Se tiende a pensar, por los
partidarios de la consensualidad, que una democracia estable
requiere que las reglas de juego sean trazadas y puedan ser
modificadas solamente por grandes consensos o por amplias
mayorías, para lo cual normalmente rige la regla de los dos
tercios. No en vano la Iglesia de Roma adoptó esa norma para
la elección de su jefe supremo, el Papa, primero como
ficción de la “unanimitas” y luego como regla secular. Una
institución milenaria solo sobrevive si evita que una
mayoría circunstancial, que un conjunto puntual que resulta
ser un poco más de la mitad, imponga los cambios de regla o
la conducción suprema a los que circunstancialmente son
apenas un poquito menos de la mitad.
A poco de andar el siglo XX,
los padres del Uruguay moderno trazan la ingeniería
institucional de un país que busca paz, estabilidad política
y creencia en las instituciones, y que además acepte dirimir
el disenso mediante el juego de los partidos y las
elecciones. Al construir esa ingeniería, eligen los
principios de la consensualidad para diseñar las reglas de
juego y también para la modificación de esas reglas. Mayoría
y minorías acuerdan un diseño constitucional transaccional
para que todos se sientan reflejados en él. Y para ello
construyen esa originalidad uruguaya (una de las tantas,
posterior al ya establecido Doble Voto Simultáneo) como lo
es el Poder Ejecutivo bicéfalo: una rama a cuyo frente un
Presidente de la República se encarga de las relaciones
exteriores, la seguridad y la defensa nacional; y otra rama
colegiada, el Consejo Nacional de Administración, se encarga
del gobierno regular (finanzas, economía, educación,
industria, agro, obras públicas y más adelante salud,
trabajo, previsión social)
No solo los constituyentes
de 1916-18 dividieron el poder mucho más allá de lo que
impusieron los nobles ingleses o delineó Montesquieu, sino
que expresaron el temor a la personalización del poder mucho
más allá de lo que pactaron los helvéticos. Pero además,
pretendieron garantizar que las reglas de juego
fundamentales (“la Constitución”) solo se modificasen por un
amplio acuerdo: por mayoría de dos tercios de cada una de
las dos cámaras, expresada a su vez en dos Legislaturas
consecutivas.
Esta pretensión de la
exigencia de amplio consenso para modificar las reglas de
juego pareció ratificarse y ampliarse en la Constitución de
1934, la cual mantuvo la exigencia de los dos tercios de
cada Cámara para reformar la Constitución por vía de una ley
constitucional y consagró la regla de los dos tercios para
toda modificación de las leyes electorales y de ciudadanía.

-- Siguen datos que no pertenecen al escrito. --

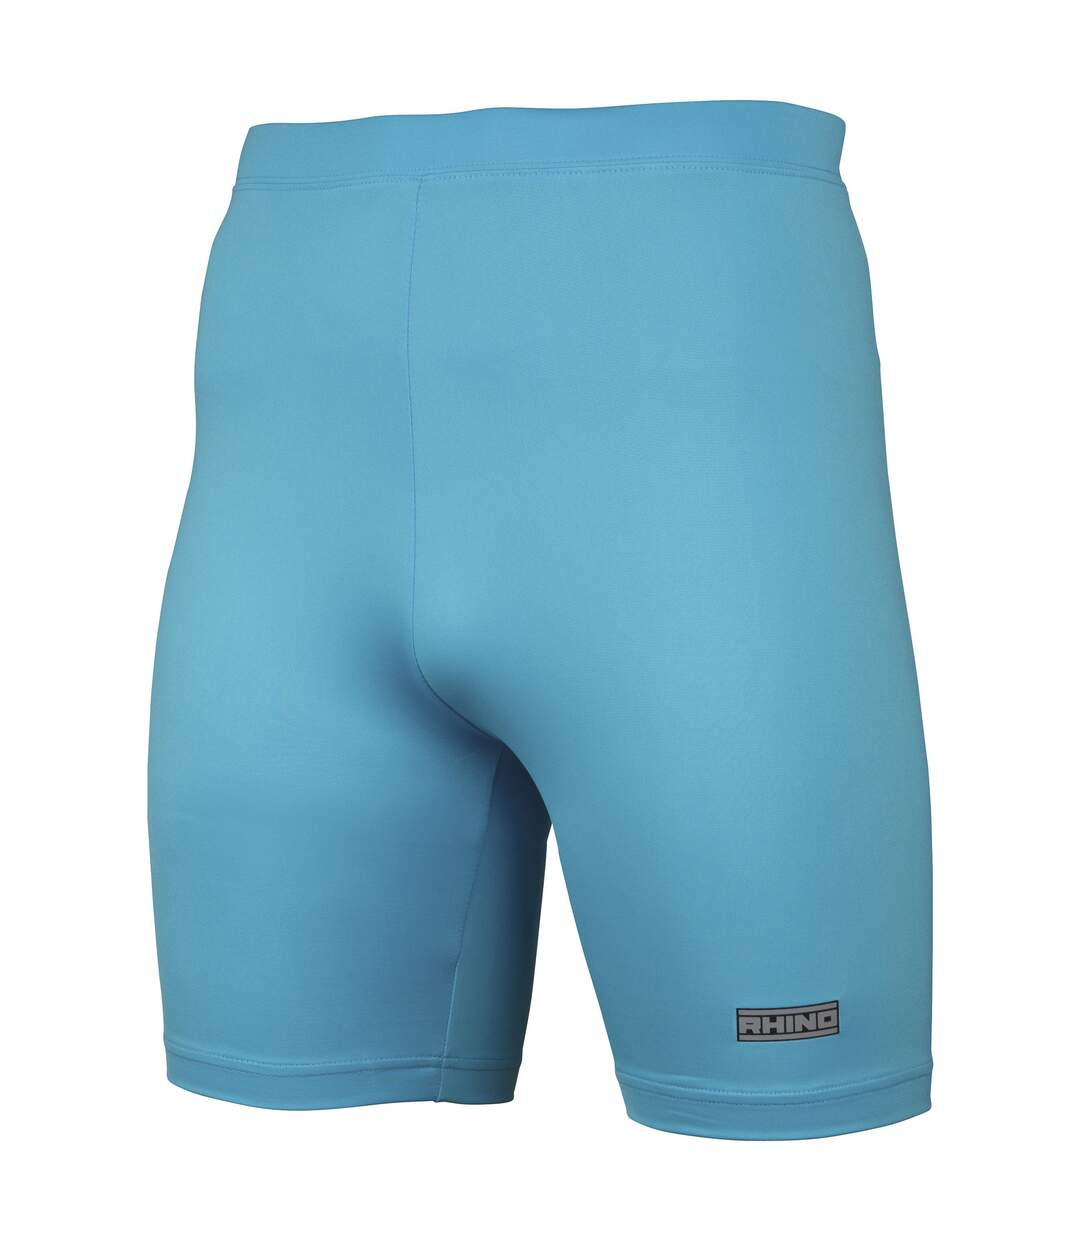 Rhino Mens Sports Base Layer Shorts (Light Blue) - UTRW1278

Agregó, además, que el pacto político destinado a lograr los
dos tercios de votos representativos, recibiese a su vez el
aval directo de la ciudadanía, expresado en plebiscito. Todo
esto sobrevivió a todas las enmiendas de la Carta Magna:
1942, 1952, 1967, 1997.
Pero la Constitución de
1934, raro cruce de inspiración parlamentarista y
neocorporativista, con algunos tintes populistas, no se
atuvo a la linealidad de la alta consensualidad y se
contradijo a sí misma. Habilitó que la Constitución pudiese
ser reformada a golpe de mayoría, mediante la iniciativa
ciudadana (originariamente 20% de los ciudadanos,
actualmente el 10% de ellos) o iniciativa de una minoría
parlamentaria (2/5 del total de legisladores); iniciativa
que condujese a un plebiscito simultáneo con las elecciones
nacionales y requiriese una mayoría plebiscitaria común para
su aprobación (mayoría absoluta del total de votantes). La
Constitución de 1942 agrega otra vía a golpe de mayoría,
aunque más complicada, una verdadera carrera de obstáculos,
ya que la mayoría debe expresarse cinco veces: mayoría en
cada una de las dos Cámaras para aprobar una ley que
desemboque en elecciones de Convención Nacional
Constituyente, lograr mayoría en esas elecciones, mantener
la mayoría para aprobar un proyecto de reforma
constitucional, mayoría en el Cuerpo Electoral para aprobar
el proyecto de la Convención. Pero una mayoría sostenida
invariablemente logra per se el propósito, aunque fuere
apenas poco más de la mitad del país.
Ni el golpe de mayoría ni la
larga mayoría son buenas o malas per se. Lo que ocurre es
que cada una corresponde a una lógica completamente
diferente de la otra; son lógicas opuestas y
contradictorias. Y así se observa que en Uruguay ha
prevalecido lo uno y lo otro. En 1966 no se excluyó la vía
de la larga mayoría, pero sí del consenso pleno, porque una
conjunción de tres partidos alcanzó apenas los dos tercios
suficientes para aprobar in extremis – históricamente in
extremis – una ley constitucional que pusiese obstáculos a
una minoría ascendente e irrefrenable. Ahora, por segunda
vez en las últimas cuatro décadas, se tienta modificar las
reglas de juego a golpe de mayoría, con la finalidad de
mejorar las posibilidades electorales de lo que es el actual
oficialismo, ya que sus partidarios creen que sigue siendo
la mayoría absoluta del electorado del país.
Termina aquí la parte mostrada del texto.